Can-Spam stands for Controlling the Assault of Unsolicited Pornography and Marketing. This act was enacted by the 108th United States Congress.
Citations: Public Law(United States) 108-187(text) (PDF)
If you use email for your marketing, make sure you do so within the law. You should ensure that there is an unsubscribe option for any user who does not want commercial mail.
The Mechanics of Can-Spam Laws
- Applicability
- Unsubscribe Compliance
- Content Consent
- Send behavior consent
- Persons who send business messages should not mislead beneficiaries as to their origin or content.
- All beneficiaries of such messages reserve an option to reject them
- Can-Spam does not ban spam messaging, however, forcing regulations on the use of clever advertising tactics through "substantially false or misleading" headlines.
- Email advertisers should watch their arrangement, their content, and even naming
- A noticeable and effective recall element is available on all messages.
- Customer withdrawal claims are considered within 10 working days.

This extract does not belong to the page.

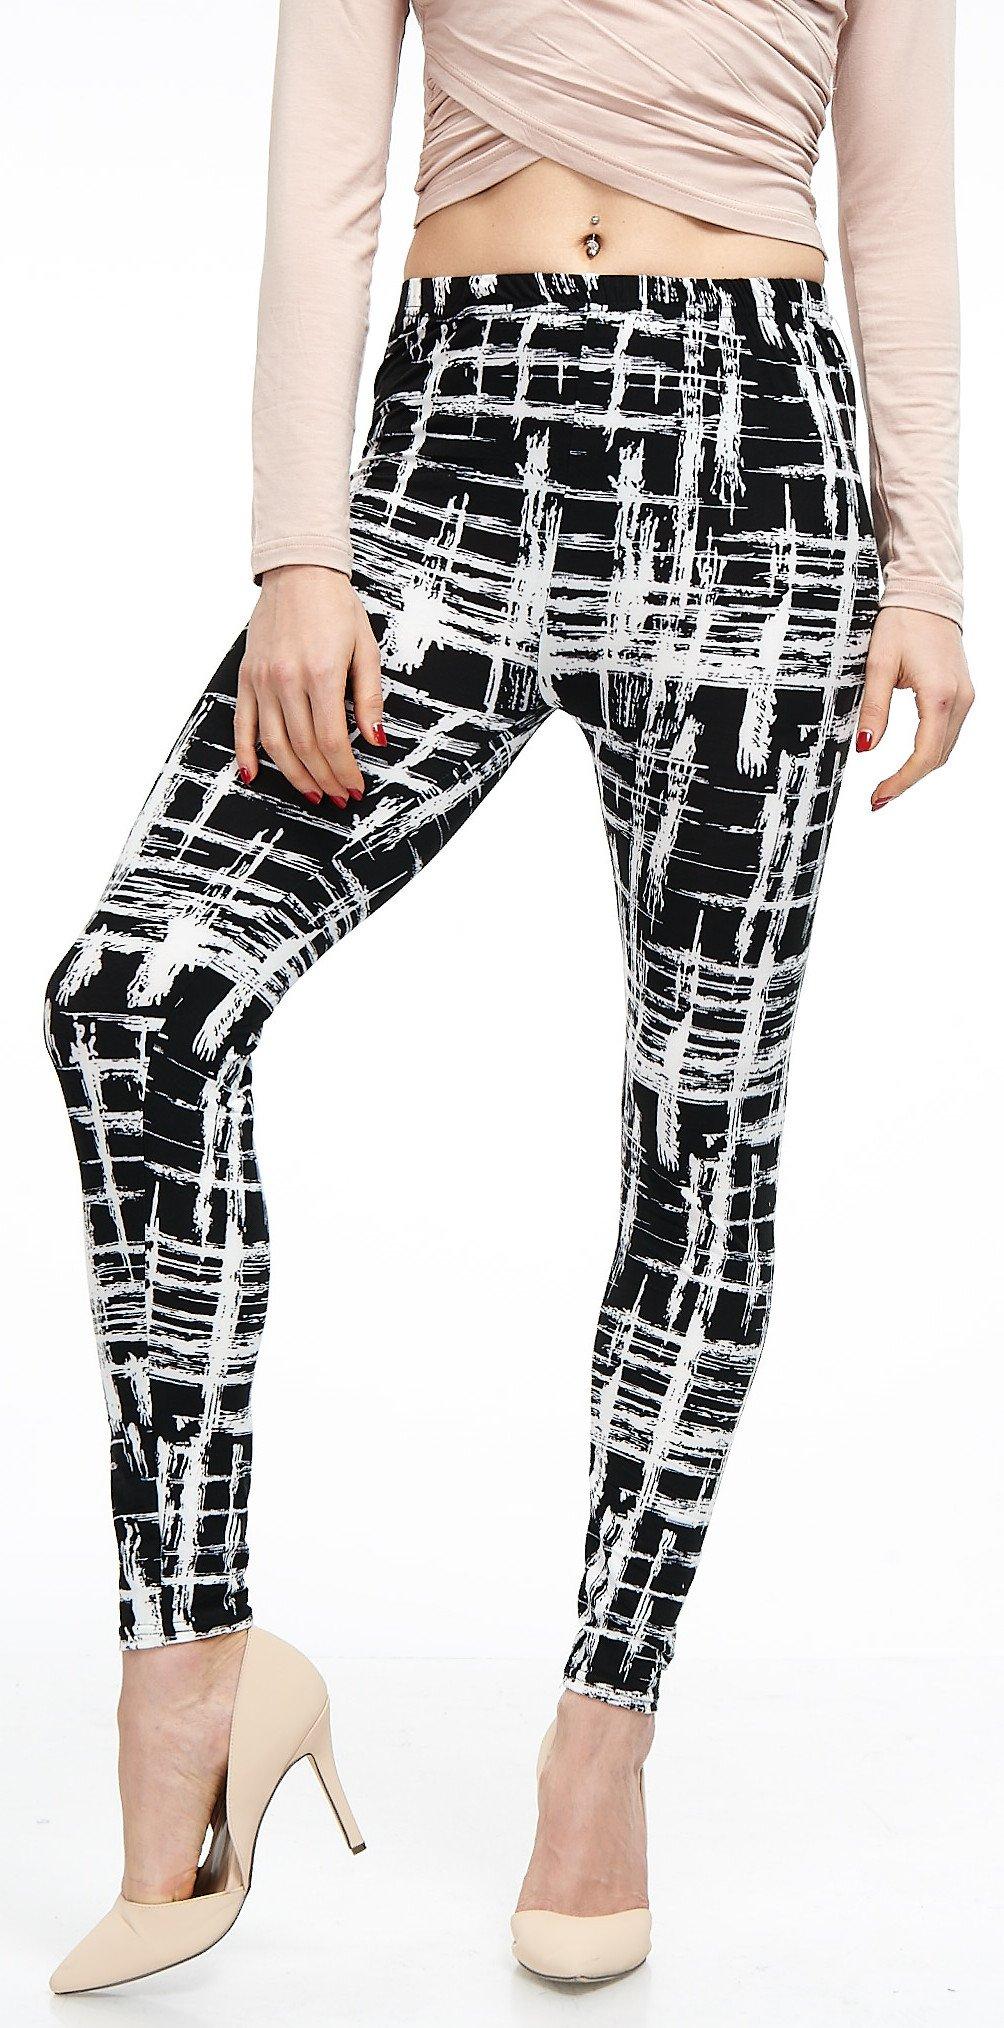 LMB Lush Moda Extra Soft Leggings with Designs- Variety of Prints - 720F Black White Stripes B5 by LMB (Image #3)

- Opt-out lists otherwise called secret lists are used exclusively for consent purposes.
Applicability:
Unsubscribe Compliance:
Content Consent:
- The correct "from" line
- Relevant title
- A physical physical location of the distributor or promoter is available. PO Box addresses comply with 16 CFR 316.2 and satisfactory on the off chance that the email is sent by an outsider, the true physical location of the substance, item or administration advanced by email should be obvious.
- A symbol is available if the content is adult.
Sending behavior consent:
- A message cannot be sent without a withdrawal option.
- A message cannot contain a fake header
- A message should be somewhere around a sentence.
- A message cannot be invalid
- The option to unsubscribe should be at the bottom of the message.
- Criminal offence
- Sending numerous spam messages using a hijacked PC
- Sending numerous messages over Internet Protocol causes the source to be dishonestly addressed as its property.
- Attempting to mask the origin of emails and mislead beneficiaries about the starting points of messages, by routing them through different PCs
- Sending various spam messages through numerous mailings with garbled data in headers
- Using different email accounts by falsifying account registration data to send different spam emails.